Outside of the church and the military, it is increasingly hard to find
establishment institutions which pursue openly anti-gay practices. There
still exist laws, such as the 1967 Sexual Offences Act and Section 28 which
constitute formal infringements of queer freedom. But these are rarely
invoked (although the conviction of the Bolton Seven - who were convicted
of having group sex when one of them was under the age of consent - shows
the authorities are not done with these powers yet), and public
dissatisfaction with them is stronger now than it ever has been. There is
certainly a long way to go before full legal equality will be achieved
(requiring gay marriage, equal employment rights, an end to the military
ban, repeal of the gross indecency law and so on), but Section 28 aptly
sums up the anachronistic character of discriminatory laws.
Teachers at secondary schools may be formally prohibited by Section 28 from
teaching children about homosexuality, but this means little when no such
restriction applies to the BBC or Channel 4 and those same children can go
home and see lesbian relationships depicted in Eastenders or Brookside
while having their tea. Failing which, they can go to the cinema and see
Jack Nicholson's cute gay neighbours in As Good As It Gets. Make no
mistake, queer is now more chic than it has ever been before.

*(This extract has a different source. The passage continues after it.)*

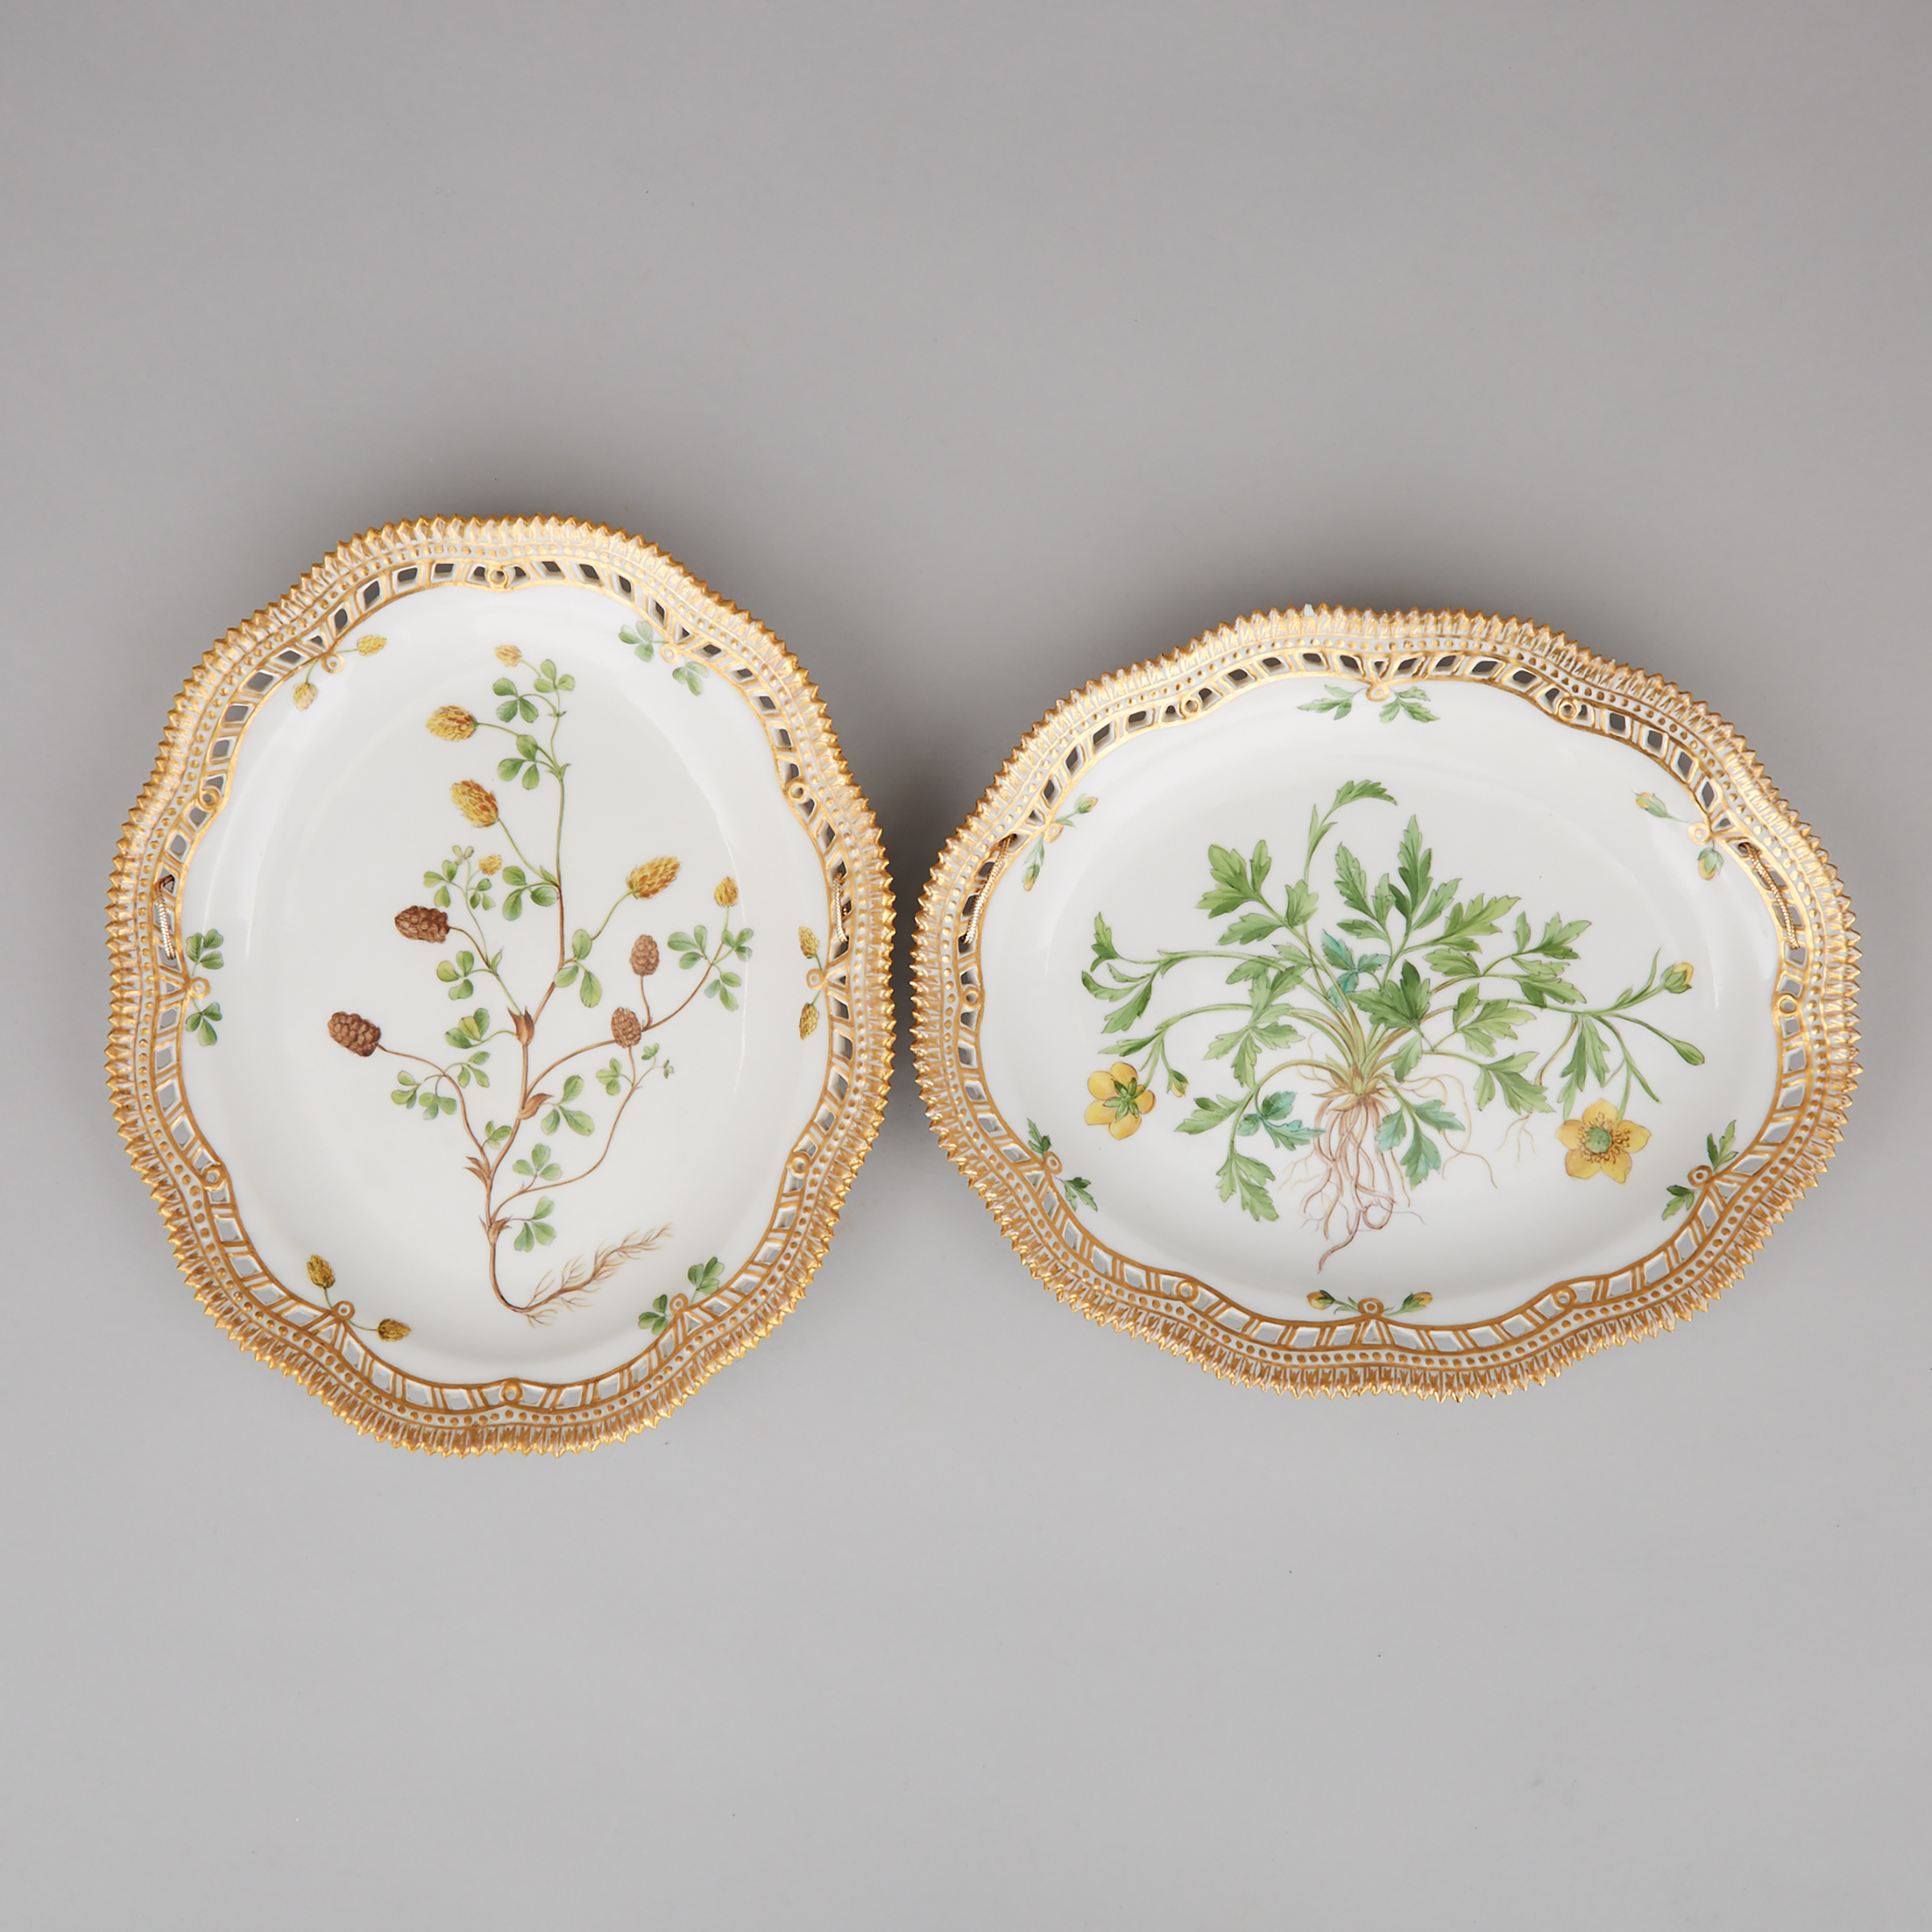 Pair of Royal Copenhagen ‘Flora Danica’ Reticulated Oval Dishes, 20th century

When two MPs can come out in the same week without the tabloids taking any
notice, society is definitely overcoming one of its hang-ups. Where the
lesbian and gay rights movement once struggled for a voice, it is now,
largely, preaching to the converted. But to what exactly has the
establishment been converted?
Look more closely at the lesbians and gays in magazines, on mainstream
television and in films, and you will notice that the majority have one
thing in common - their self-conscious positivity. These characters are
often monogamous couples, with a strong sense of caring domestic
responsibility. If anything, they constitute an ideal example for straight
couples everywhere to follow. It seems that as long as lesbians and gay men
are just like married couples or the boy and girl next door (except of
course for the anatomical details) then there is no problem. It may make
the lesbian and gay public feel special to be held in such high regard, but
is it an unequivocal step towards freedom?
Queer identities can even become a way of celebrating not having sex at
all. Kurt Cobain and Brett Anderson, for example, were proud to be
bisexuals who had never slept with men. Fair enough, that's their choice.
But their public stance suggests that the challenge to social conformism
that being queer once represented is over. Where Kenneth Williams once
wooed the public by endlessly avoiding the fact that he was gay, androgyne
heterosexuals Eddie Izzard and Brian Molko of Placebo are the new media
darlings, enticing their fans with the empty shell of a queer identity.
Positive queer images may have only a tenuous relationship with the real
lives of most lesbians and gay men but they give us an idea of why New
Labour is fairly relaxed about the gay equality agenda. Our modernising
government is in the business of modernising the legal framework through
which the regulation of private lives is executed.
Today the chief means of moral intervention in people's lives is no longer
the insistence on heterosexual monogamy, but the promotion of anxiety about
health and about the relations between adults and children. In pursuit of
these aims it makes less sense than ever to discriminate against queers in
particular. Indeed, now that safety and caution are core values, gay
equality and positive images can even serve the new regulatory offensive.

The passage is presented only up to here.